In other words, there’s little reason to believe these weapons will be used here in a “responsible” way that doesn’t lead to civilian casualties, if that’s even possible with a weapon this indiscriminate. It seems more likely that the same thing will happen in Ukraine that’s happened everywhere else cluster munitions have been used, with civilians bearing the brunt of their carnage both during the war and for years after.
Fortunately, backlash to the idea is growing. “Squad” member representative Ilhan Omar (D-MN) has introduced a 2023 National Defense Authorization Act amendment that would block the transfer of cluster munitions to Ukraine, saying that for the United States to position itself as human rights leader, “we must not participate in human rights abuses” — an amendment that’s now gotten its first Republican cosponsor.
Representative Barbara Lee (D-CA), the famously lone “no” vote against the Afghanistan War who’s currently running for the Senate, likewise warned that “we would risk losing our moral leadership” if the administration went ahead with the transfers, adding that cluster munitions “should never be used.” They were two of the nineteen House progressives who put out a joint statement opposing the decision, stressing that “there is no such thing as a safe cluster bomb.”
It remains to be seen whether these efforts will work. But between opposition from the congressional left, widespread criticism from human rights groups, and even US allies like the UK and Canada refusing to give public assent to the decision, the Biden administration here looks more isolated than it ever has since the start of the war, which carries the possibility of a course reversal.
Whatever happens, this situation is partly a direct consequence of the wrong-headed decision, made at the very beginning of the war and doubled down on in the months that followed, to jettison diplomacy and reject attempts to negotiate an end to the war — as all wars are ended, including those happening this very minute — and instead seek total military victory on the battlefield. In the process, the prolonged fighting has not just led to enormous if little-publicized Ukrainian casualties, but to US and other NATO allies’ weapons stocks being severely depleted. President Joe Biden specifically cited a shortage of ammunition to explain this latest decision.

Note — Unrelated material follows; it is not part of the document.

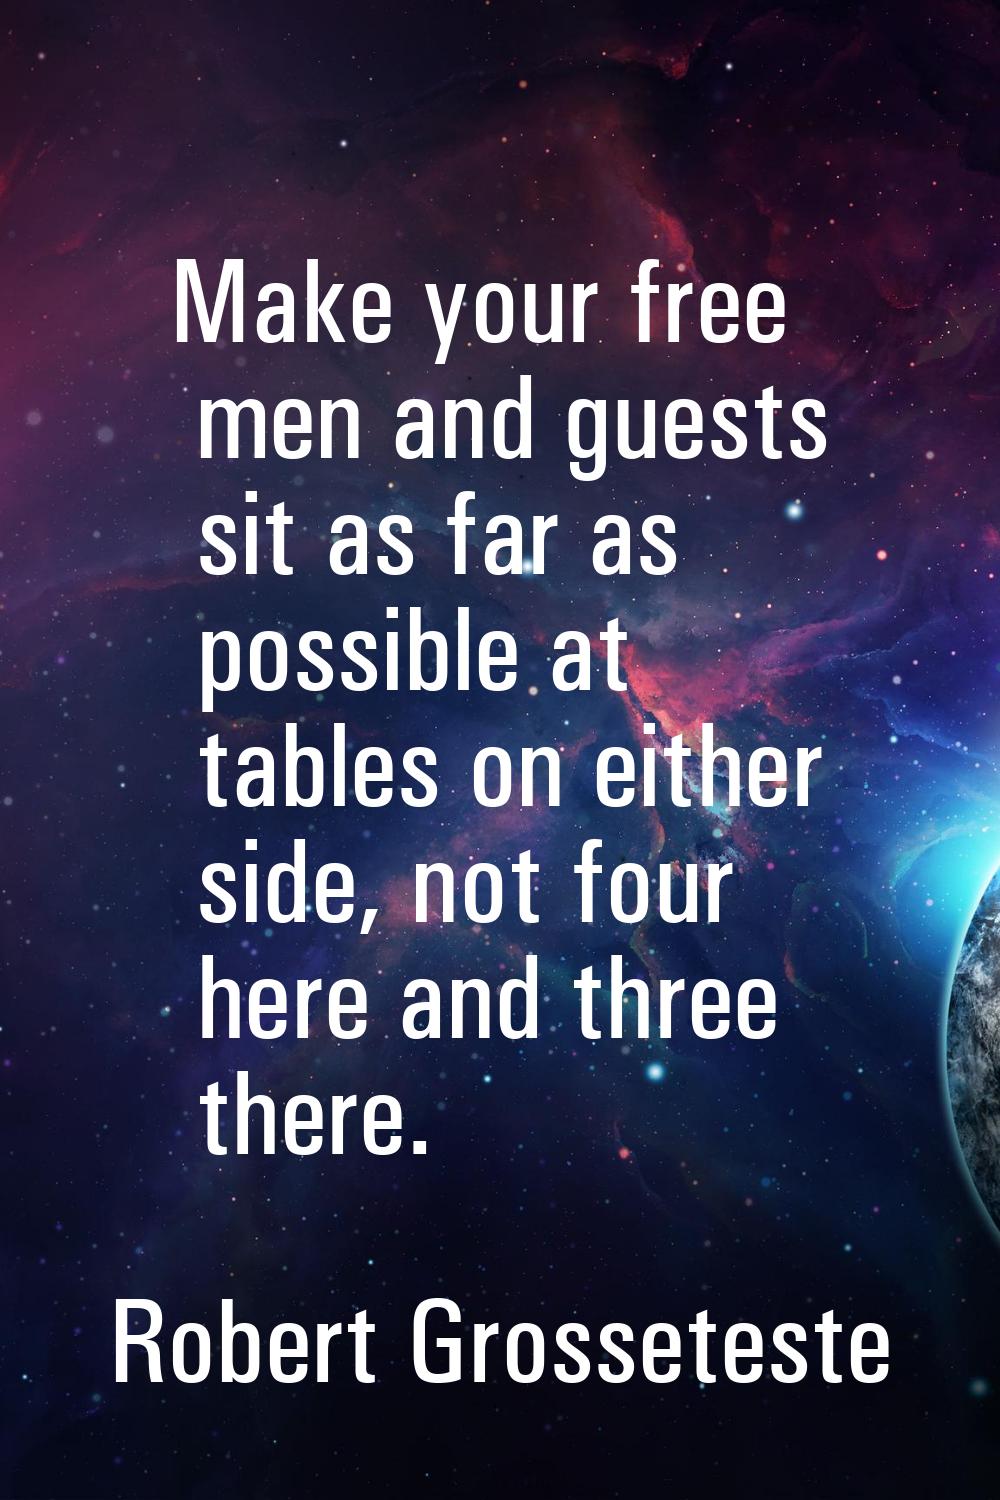 Make your free men and guests sit as far as possible at tables on either side, not four here and th

There are some indications that an appetite for talks to end the war are growing on the US side. Until its end comes, it’s no favor to Ukrainians to add to the myriad woes they’re suffering from, particularly those in the country’s east where the war rages most fiercely, and particularly by imitating the deplorable actions of Vladimir Putin’s military. Pretending cluster munitions are safe is not a form of solidarity.